Una colección viajera

Acorde con dicha política, desde 1960, diferentes selecciones de la Colección comenzaron a viajar por todo el mundo. Paralelamente se inició también un importante programa de préstamos a otras muestras, siendo pocas las grandes ocasiones de exposiciones colectivas que no hayan contado de un modo u otro con la Colección Thyssen-Bornemisza.

La segunda exposición temporal tuvo lugar en 1960 en Essen, ya bajo el nombre de Colección Thyssen-Bornemisza. Un año después, la National Gallery de Londres acogió la muestra “De Van Eyck a Tiépolo. Una exposición de Pinturas de la Colección Thyssen-Bornemisza”. En la década de los 70 se organizaron varias exposiciones de obras modernas de la Colección en Alemania, Japón, Bélgica, Francia, Australia y Nueva Zelanda. Entre 1979 y 1981 la exposición “Pintura de los Maestros Antiguos de la Colección Thyssen-Bornemisza” visitó nueve ciudades de los Estados Unidos. En los años 80 una exposición de maestros modernos y norteamericanos estuvo de gira por Europa, Estados Unidos y Japón. La serie de exposiciones de maestros norteamericanos en Estados Unidos supuso un espaldarazo definitivo a la colección de pintura norteamericana. También se llevaron a distintos lugares exposiciones de arte abstracto, pintura norteamericana del siglo XIX, pintura expresionista y moderna alemana, y de objetos de oro y plata.

De especial relevancia fueron las exposiciones organizadas en Rusia en tres ocasiones: en 1983 en San Petersburgo y en Kiev, en 1987 en Moscú y en San Petersburgo, y en 1988 en Novosibirsk, en Siberia. Estas exposiciones propiciaron el intercambio con obras impresionistas y postimpresionistas del Hermitage y del Museo Pushkin, que se expusieron en Villa Favorita en 1983. Este intercambio marcó un hito importante en el incremento de las relaciones culturales entre la URSS y los países occidentales, y significó también el comienzo de un nuevo programa de exposiciones temporales en la sede de la Colección en Suiza. Villa Favorita acogió, entre otras, una exposición de pinturas de Goya de varias colecciones privadas de España, otra de obras maestras de los museos húngaros y una exposición de pinturas impresionistas norteamericanas de colecciones estadounidenses.

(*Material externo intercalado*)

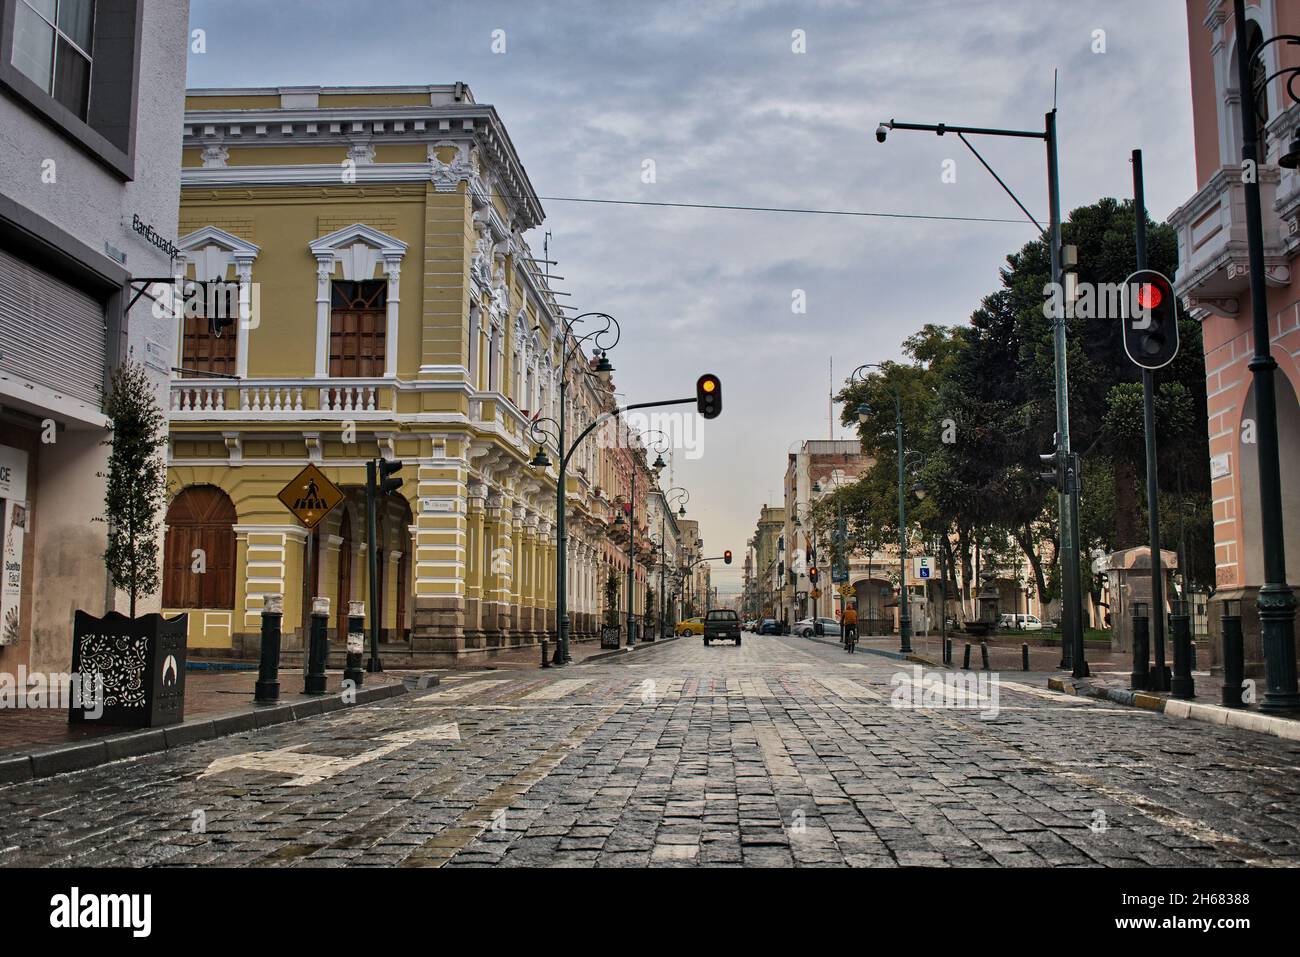 Centro histórico de Riobamba, ciudad antigua en la cordillera de los andes de ecuador, calles coloniales Stock Photo

También cabe destacar, por el futuro que depararía a la Colección, las dos presentaciones que se hicieron en Madrid: “los Maestros Modernos” en 1986, en la Biblioteca Nacional, y los “Maestros Antiguos” en 1987, en la Real Academia de Bellas Artes de San Fernando; en ambas ocasiones, con una gran respuesta por parte del público español.

Por aquellos años, el Barón Thyssen-Bornemisza empezaba a plantearse ya el futuro de su Colección. Tras la experiencia vivida a raíz del fallecimiento de su padre, su principal deseo era que la unidad de la Colección quedara asegurada en el futuro. Por otro lado, era también necesario un nuevo edificio que permitiera la instalación de las nuevas adquisiciones de forma permanente. El primer planteamiento fue la ampliación de la Galería de Villa Favorita, llegando incluso a convocarse un concurso arquitectónico que reinició el anteproyecto del arquitecto británico Robert Stirling. Sin embargo, ese proyecto no pudo llevarse a cabo y empezaron a surgir entonces diversas ofertas para instalar la Colección fuera de Suiza. Las más destacadas vinieron de Estados Unidos (de la Fundación Getty), y de los gobiernos de Inglaterra, Alemania y España. Poco a poco, la oferta española fue ganando terreno a las demás; las condiciones que ofrecía para la estabilidad del futuro de la Colección y su difusión pública eran inmejorables. Sin duda tuvo un papel decisivo la excepcional ubicación del edificio que se ofrecía como futura sede del Museo, el céntrico Palacio de Villahermosa, situado casi frente al Prado y muy cerca del Museo Nacional Centro de Arte Reina Sofía. No se puede olvidar tampoco en todo este proceso la labor realizada por la Baronesa Thyssen-Bornemisza, de nacionalidad española. Casada con el Barón en 1985, Carmen Cervera ha compartido siempre con él su deseo de que la Colección permaneciera unida, que estuviera al alcance de todo el mundo, y expuesta en las mejores condiciones.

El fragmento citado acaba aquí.